© Osservatorio Artico
Durante la missione High North25, a bordo di Nave Alliance si alternano turni di ricerca al multibeam, lezioni sul ponte e momenti di vita condivisa.
Location: Nord Ovest delle Svalbard
Coordinate: 79° 53. 047’ N; 008° 51. 500’ E
Meteo: Nuvoloso, freddo ancora sopportabile
Il tempo, a bordo, scorre in modo strano. Non ha più la fretta della terraferma, ma neanche il suo ordine preciso. Si dilata, si accorcia, a volte sembra fermarsi del tutto. Le ore non si contano con l’orologio, ma con il ritmo delle onde, il sole che si sposta lento sull’acqua, i suoni del lavoro che iniziano e finiscono senza un vero inizio o una vera fine. Tutto si mescola, e si finisce per misurare la giornata più con ciò che si osserva che con ciò che si fa.
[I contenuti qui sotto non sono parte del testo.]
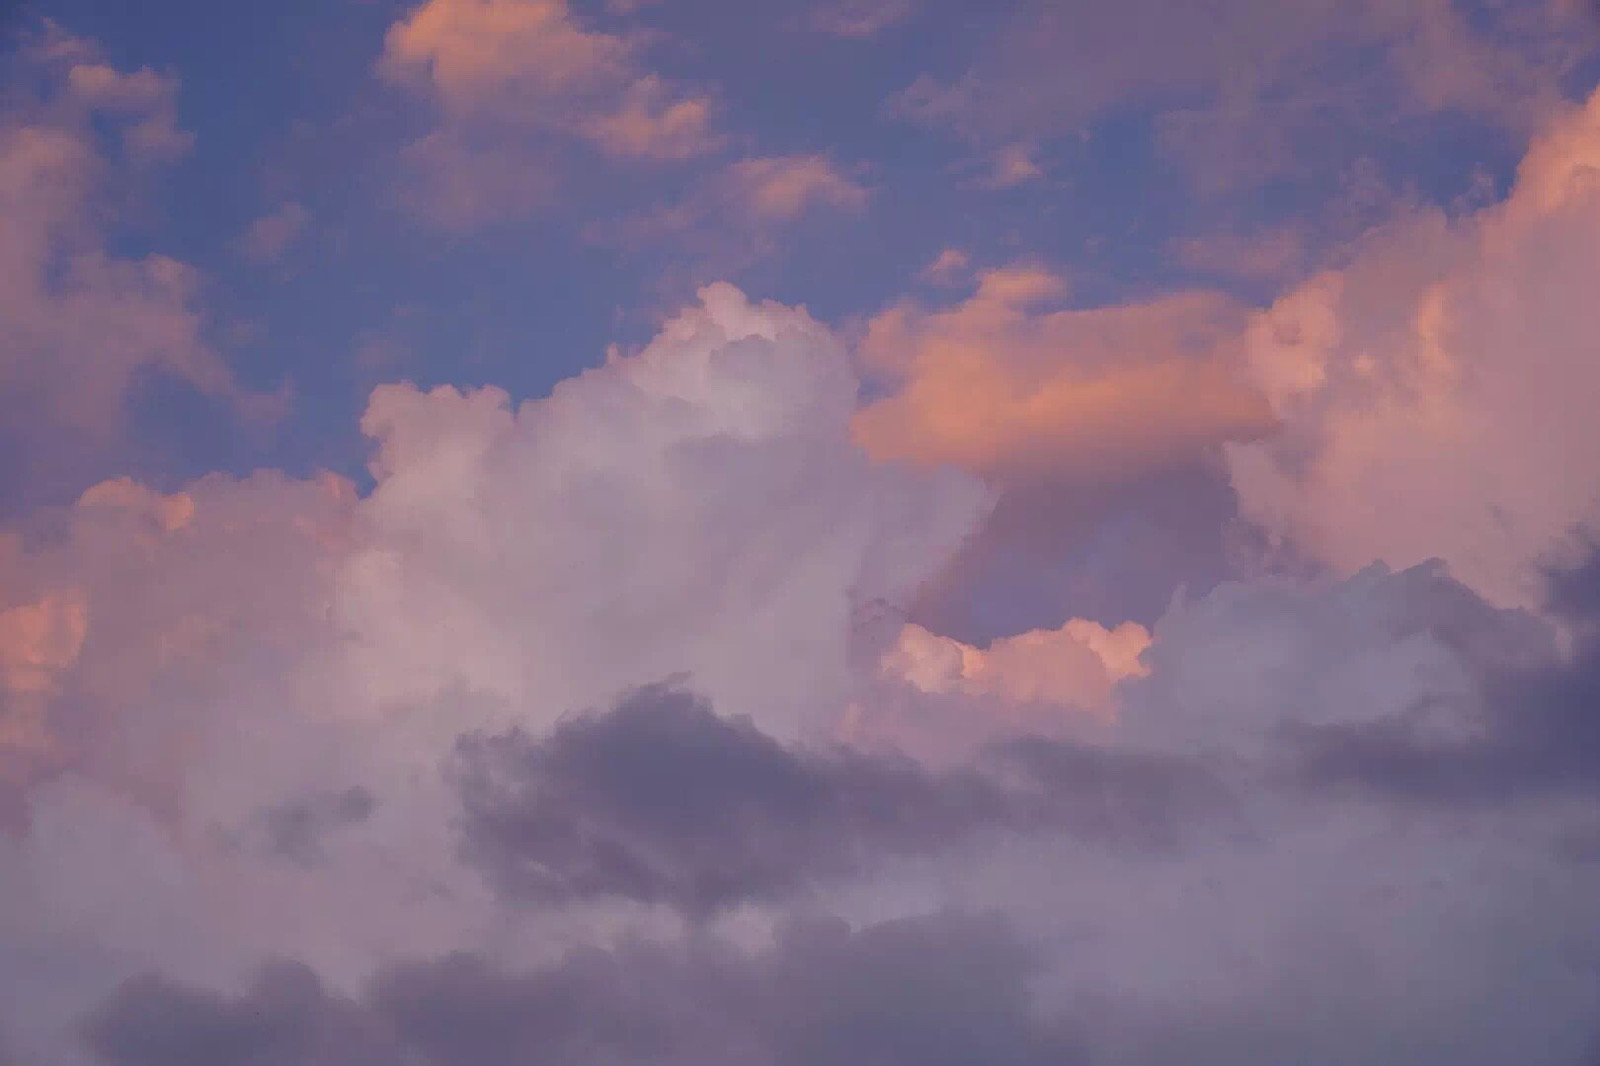 天边的云彩云朵图片(3) - 25H.NET壁纸库

E’ passato poco più di una settimana, ma sembra un mese. Tra procedure di bordo, questioni legate alla sicurezza, comprensione del lavoro del Team scientifico, l’attività è intensa.
Ora che i tirocinanti si orientano nel lavoro del Multibeam si alternano nel monitoraggio dello strumento. Tempo che serve ad approfondire la conoscenza dello strumento, fugare dubbi e comprenderne a pieno il potenziale. Tutta la notte e la mattina del 10 agosto sono state dedicate allo scandagliamento del fondale. Si lavora per colmare una zona ancora priva di dati. Operiamo sempre nell’area nord-occidentale. La mattinata è libera per buona parte del team scientifico, che si dà il cambio nella acquisizione dei dati al Multi Beam. L’atmosfera a bordo è tranquilla e distesa.
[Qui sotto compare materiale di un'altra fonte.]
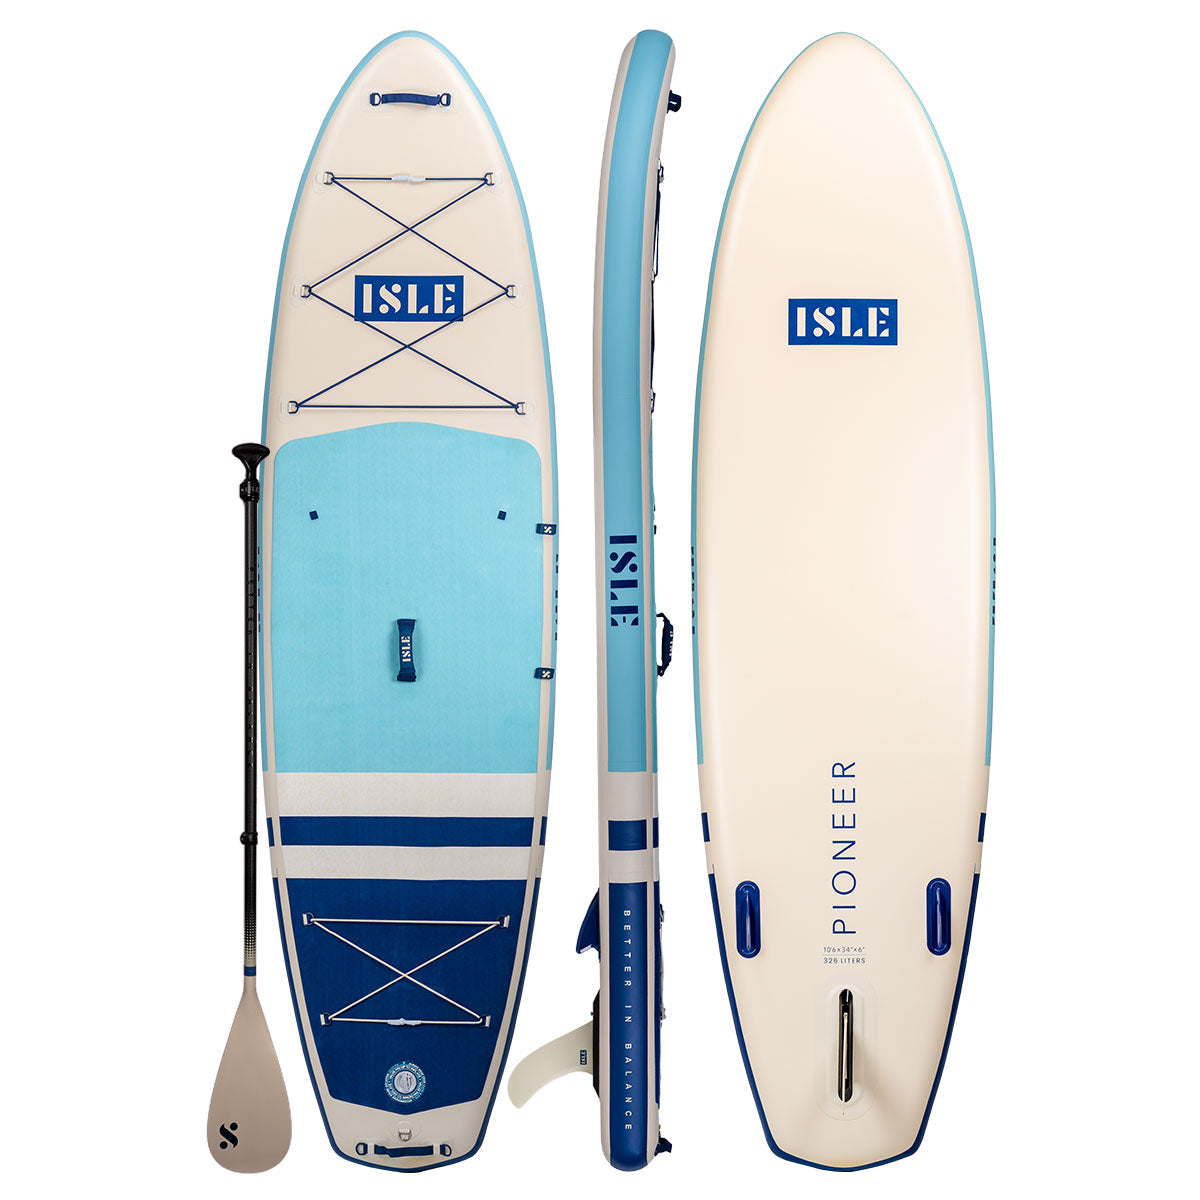 Explorer 2.0 | Inflatable Paddle | Boards Paddle ISLE | ISLE Board

Dopo pranzo la Prof.ssa Paola Rivaro raduna i tirocinanti, i membri del Team scientifico e il personale della nave per spiegare le sue attività di ricerca. Un’oretta di spiegazione e confronto che vede un’attiva partecipazione. La prof.ssa Rivaro è una veterana delle spedizioni in aree polari. La sua prima esperienza è datata 1994. High North25 è la sua dodicesima spedizione e la prima in Artide. A bordo prima sull’Italica e poi sulla Laura Bassi (navi supporto al Programma Nazionale Ricerca Antartico – PNRA) ha studiato le alterazioni chimiche della acque in collaborazione con ecologi marini ed oceanografi fisici.
“Conoscevo pochissime persone, ma mi sono sentita subito ben accolta. I colleghi dell’IIM hanno offerto fin da subito un supporto tecnico, scientifico e anche umano. Dal punto di vista organizzativo, le differenze con le spedizioni in Antartide sono poche: riunioni, meeting e briefing operativi scandiscono le giornate. Una pianificazione ben studiata permette un lavoro di campionamento efficace e senza intoppi – un aspetto fondamentale, perché un errore in fase di campionamento è spesso irrimediabile.
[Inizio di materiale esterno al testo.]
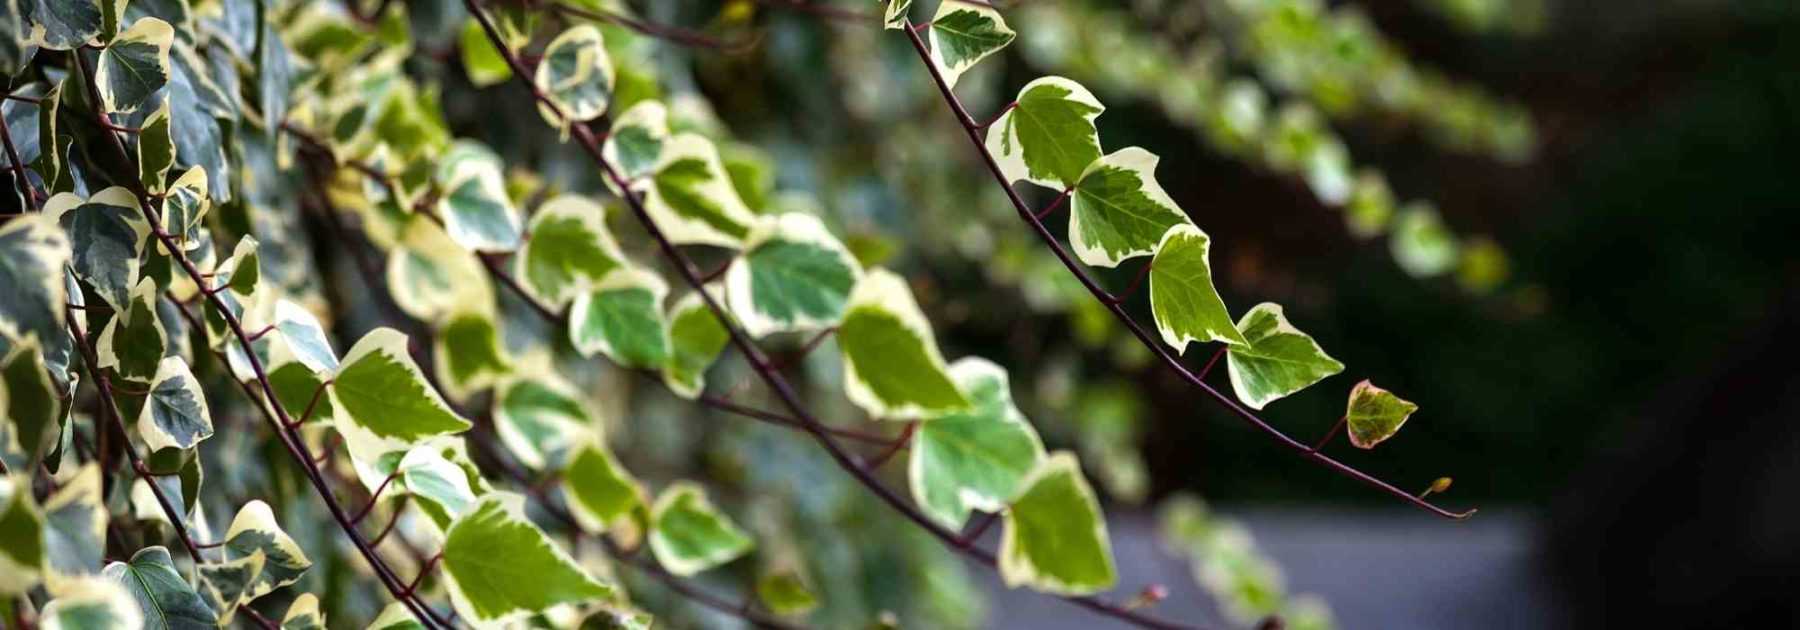 Comment choisir le cache-pot idéal pour sublimer votre plante d'intéri – La  Green Touch

“La dimensione umana è molto presente e fatta di piccoli episodi che restano impressi. Ad esempio, oggi stavo prendendo una boccata d’aria sul ponte, quando si è avvicinato un membro dell’equipaggio. Oltre a chiedermi se avessi bisogno di qualcosa, mi ha posto diverse domande – tutt’altro che retoriche – sulle mie ricerche. Niente di scontato né dovuto, ma sincero interesse verso le mie e le nostre attività che scandiscono i tempi e le manovre di tutta la nave.”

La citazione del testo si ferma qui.